The company, founded in 1965 as a mail-order business, got its start selling dental clamps, dovetail saws and other specialty tools. It soon expanded to novelty items including “un-dullable” kitchen knives and self-watering plant pots, and in 1973 opened its first physical location, in New Hampshire. In the decades since, Brookstone became a staple of U.S. malls, offering shoppers a distraction — and often, a resting place — as they milled about.
But in recent years, the business has struggled to keep up as more Americans shop online. Specialty stores have struggled, analysts said, as mainstream retailers such as Amazon.com and Target expand their selection of quirky gadgets and other novelties. Brookstone competitor Sharper Image filed for bankruptcy in 2008, while mail-order business SkyMall followed suit in 2015. (Jeffrey P. Bezos, the founder and chief executive of Amazon, owns The Washington Post.)

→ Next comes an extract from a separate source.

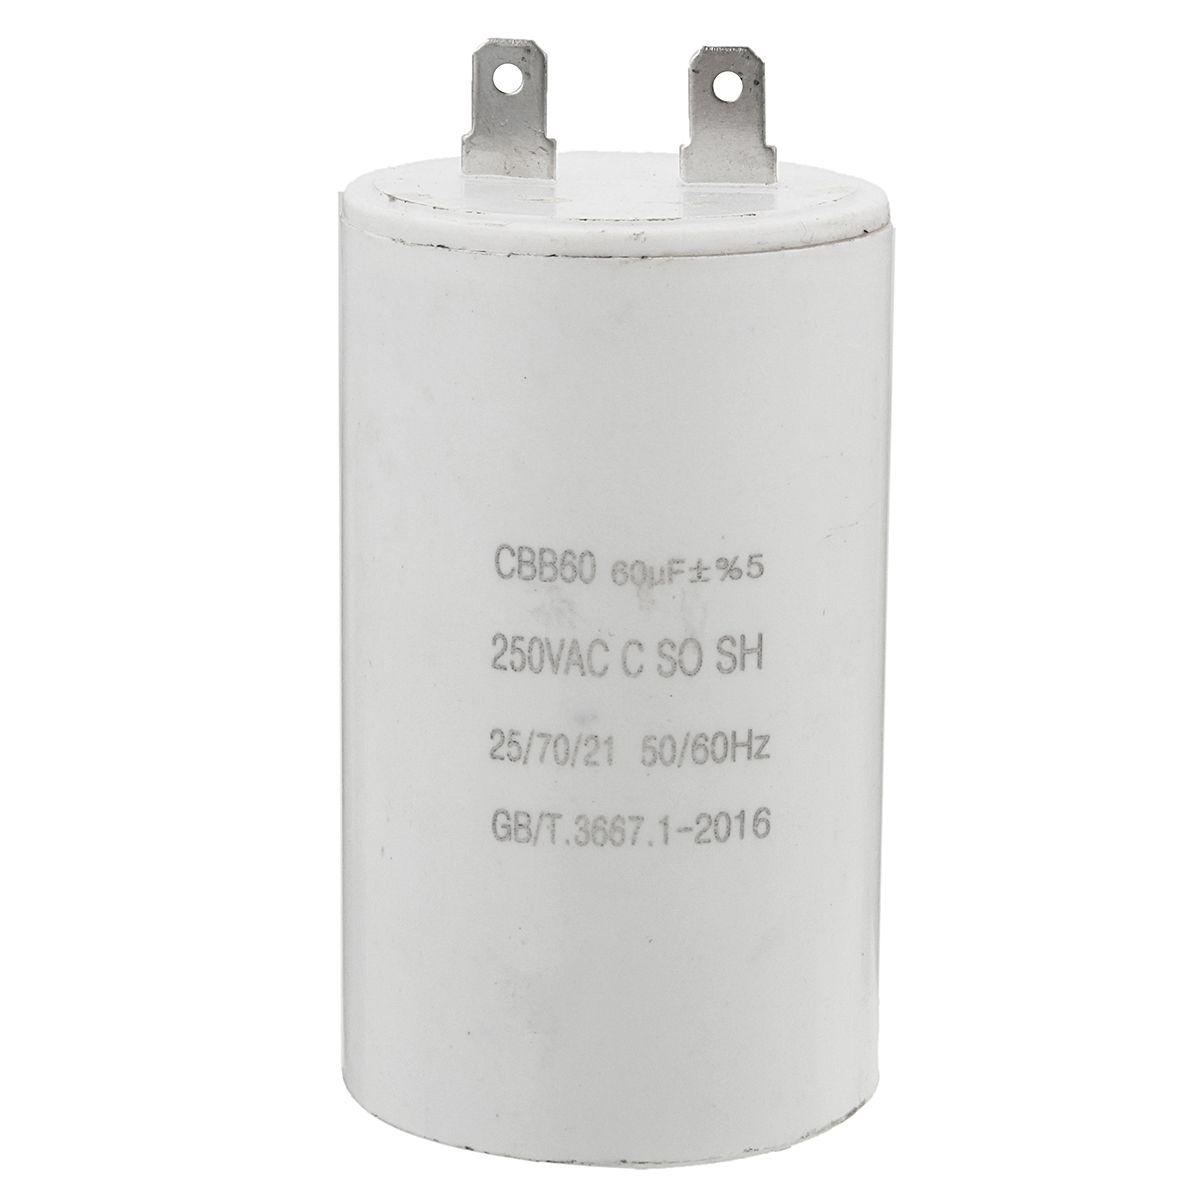 250vac 60uf Cbb60 Capacitor For Karcher Power Pressure Washer 50 60hz White Diy Kits Washer Pressure Washer

“Brookstone was quite innovative in their day in a category that’s become ubiquitous,” said Mark Cohen, director of retail studies at Columbia Business School and the former chief executive of Sears Canada. “Customers today go into a Brookstone and say, ‘Hey, this is cool.' And then they check their phones and see that Amazon is selling 12 variations of that item, often for less money."
Although the retailer has helped launch several household brands, including Tempur-Pedic, iRobot and Fitbit, it was unable to capitalize on the success of those products, said Sucharita Kodali, a retail analyst for Forrester Research. “Anytime Brookstone had a bestseller, it got commoditized and sold by competitors,” she said. “Honestly, I’m shocked they’ve been around for as long as they have.”
In its bankruptcy filing, Brookstone cited debts of up to $500 million against assets of $50 million to $100 million.
Several mall retailers, including Nine West, Claire’s and Gymboree, have filed for bankruptcy in the past year, as heavy debt loads and increased competition continue to batter the industry.